Thursday, September 22, 2011

Stefano Battaglia -The River of Anyder (ECM 2011)

"I set myself the task of writing songs and dances uninfluenced by the sophistication of contemporary musical languages, striving to shape pieces that might have been played on archaic instruments a thousand years ago. I think of it as a kind of music before the idioms."

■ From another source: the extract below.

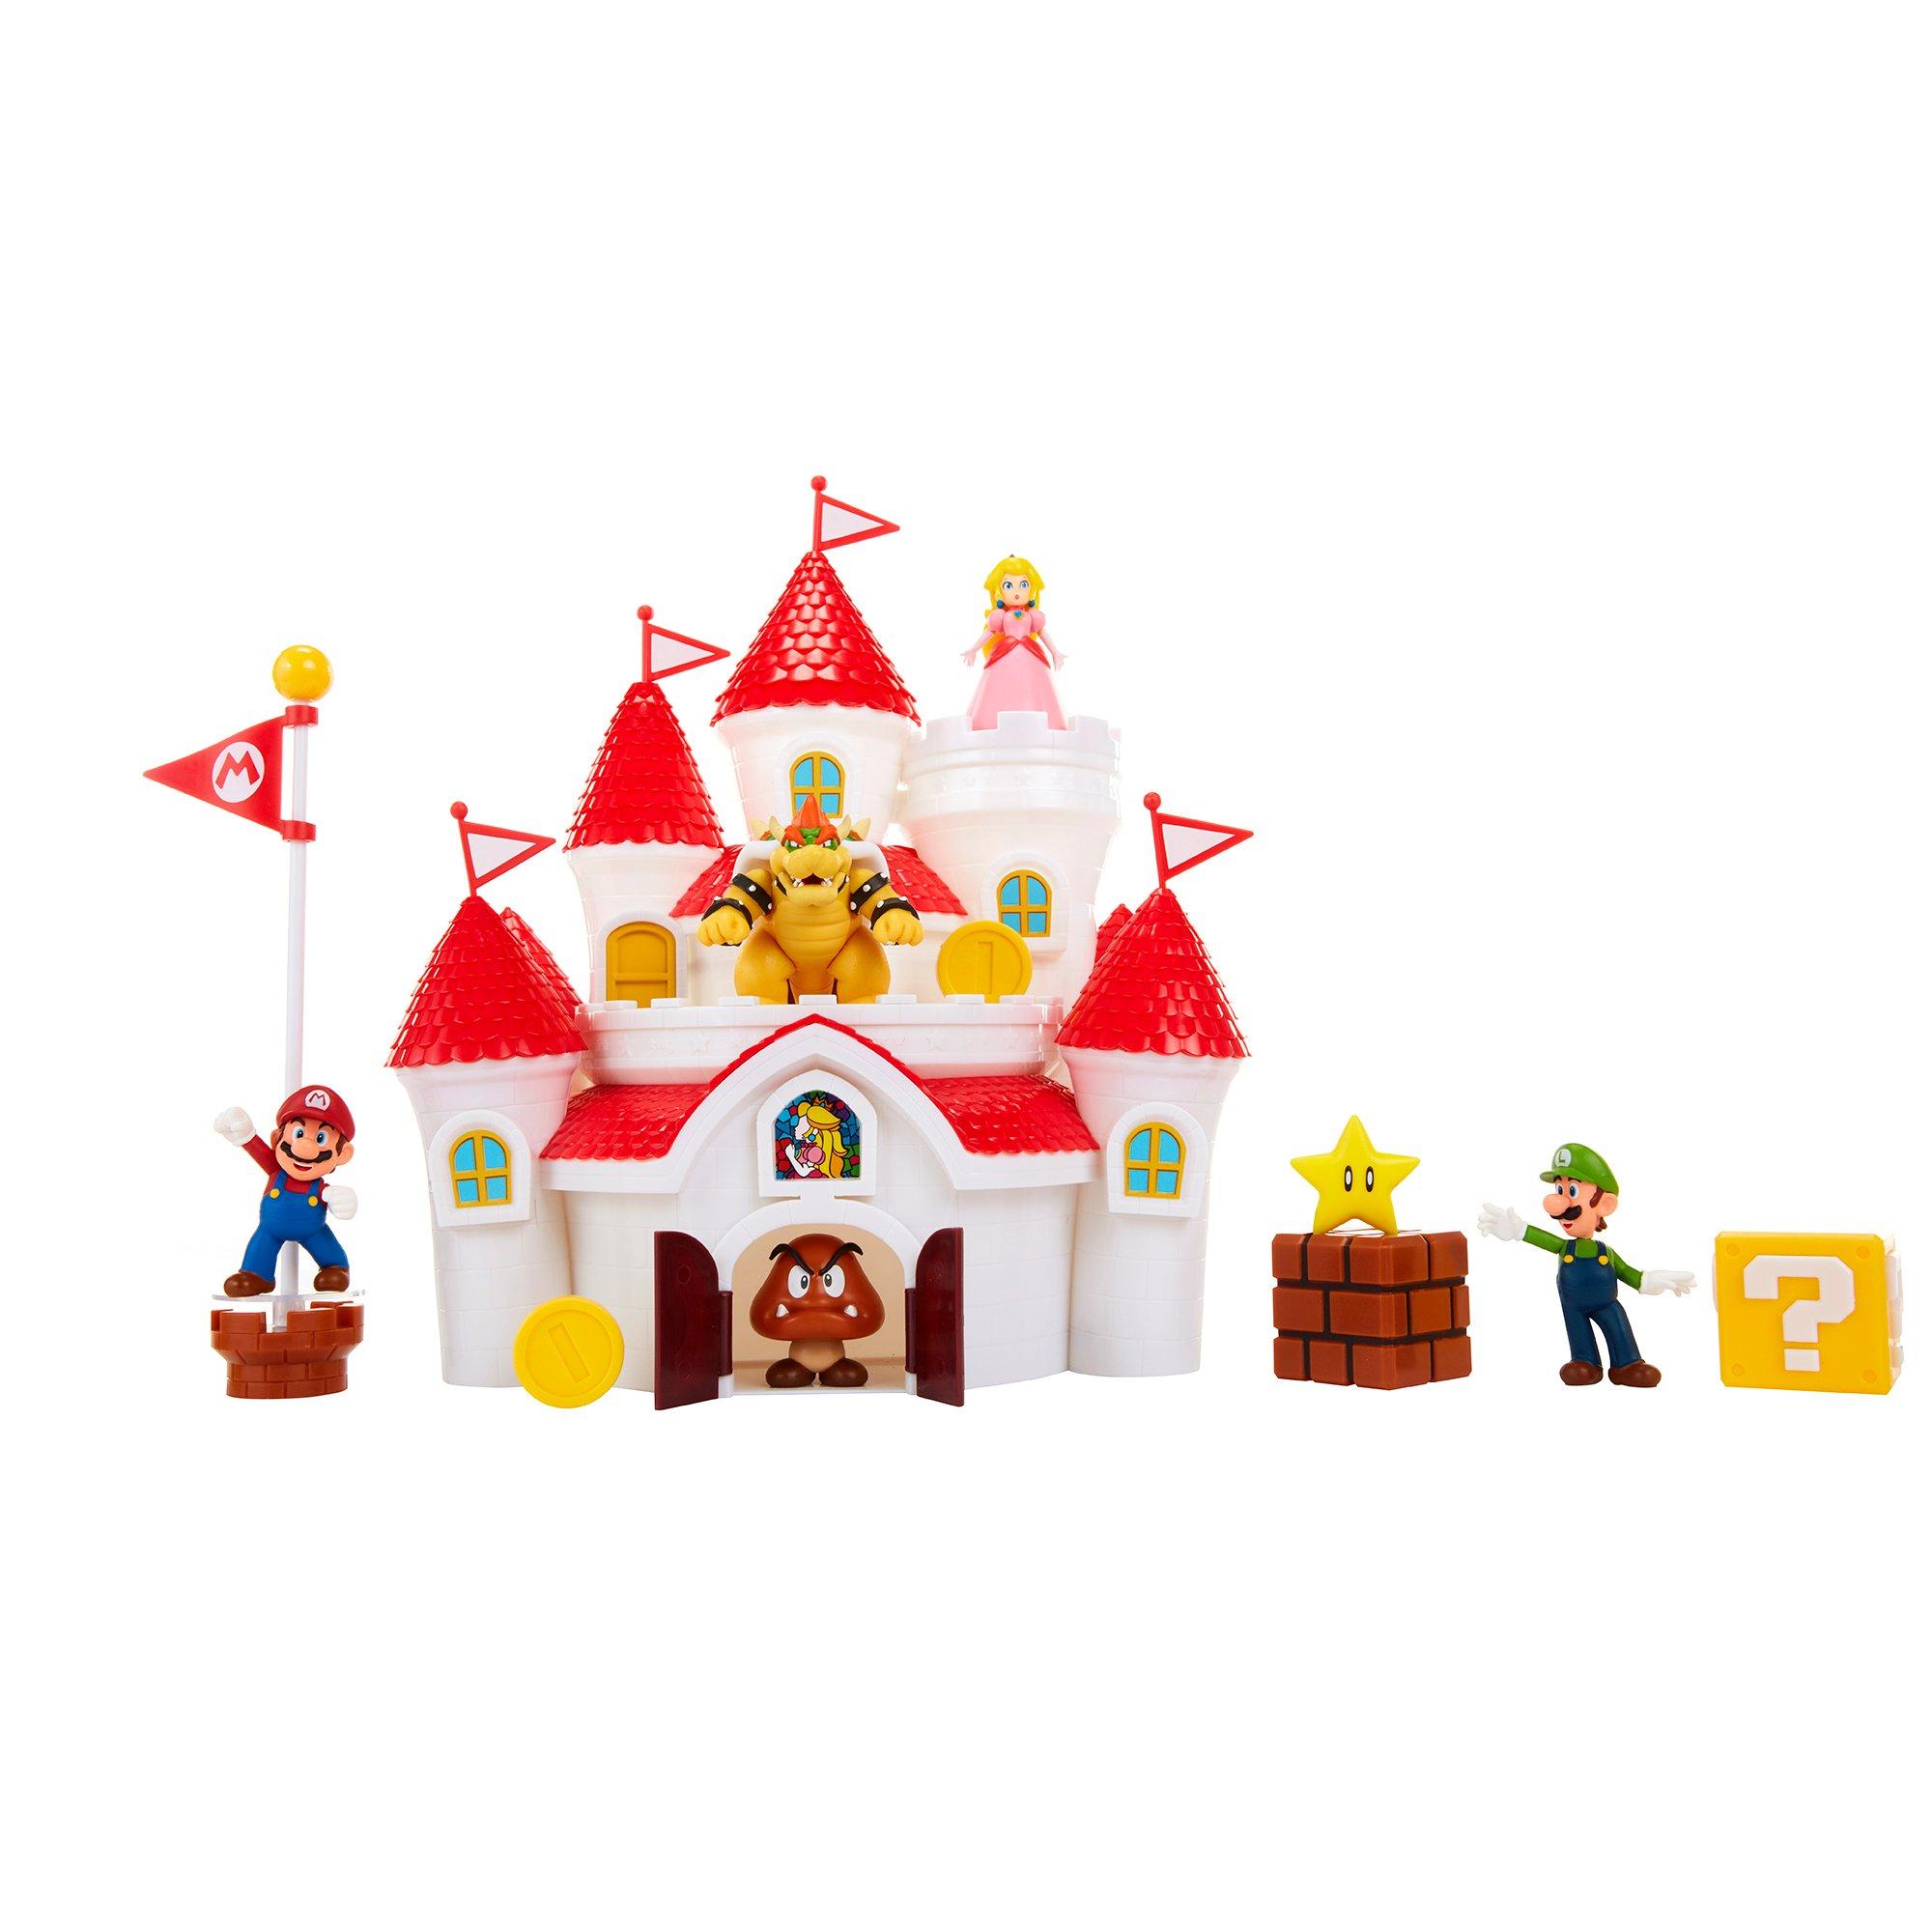 Jakks Pacific Super Mario Bros Deluxe Mushroom Kingdom Castle Playset 3769

The pure water of the Anyder River flowed through Sir Thomas More's "Utopia". Italian pianist Stefano Battaglia celebrates it here, in music uncontaminated by jazz trends: "I set myself the task of writing songs and dances uninfluenced by the sophistication of contemporary musical languages, striving to shape pieces that might have been played on archaic instruments a thousand years ago. I think of it as a kind of music before the idioms." If the piano trio remains a modern institution and the improvisational group understanding shared by Battaglia, Maiore and Dani cannot help but be of-the-moment, the musicians have nonetheless made an album that feels "timeless".
The compositions here are mostly named after mythical and legendary locations, each of them conferring specific atmospheres. Fictional and real-world place names are interspersed. From Minas Tirith, Tolkien's White City, the players travel, via the Utopian river, to the sacred mountain of Ararat and onward to Bensalem, mythical island in Sir Francis Bacon's New Atlantis, somewhere to the West of Peru, where an enlightened citizenry labours to improve man's understanding: "We have twelve that sail into foreign countries under the names of other nations (for our own we conceal), who bring us the books and abstracts, and patterns of experiments of all other parts."
In his selection of literary and philosophical quotes for the CD booklet, Battaglia casts a net that similarly brings far-flung traditions into juxtaposition, referencing Rumi and Rimbaud, Hildegard von Bingen and Black Elk of the Oglala Sioux: these are just some of the names that fire the composer's imagination. Yet it is not a musical patchwork that he has created from such influences but an original concept that seems to spring from a strong, organic centre. The trio has its own deep pulses and its own methodology. There is a robust lyricism at work as modal improvisations unfold. CD booklet includes text fragments from Thomas More, Jalal ad-Din Rumi, Francis Bacon, Arthur Rimbaud, Hildegard von Bingen, and Black Elk, plus photography by Caterian di Perri.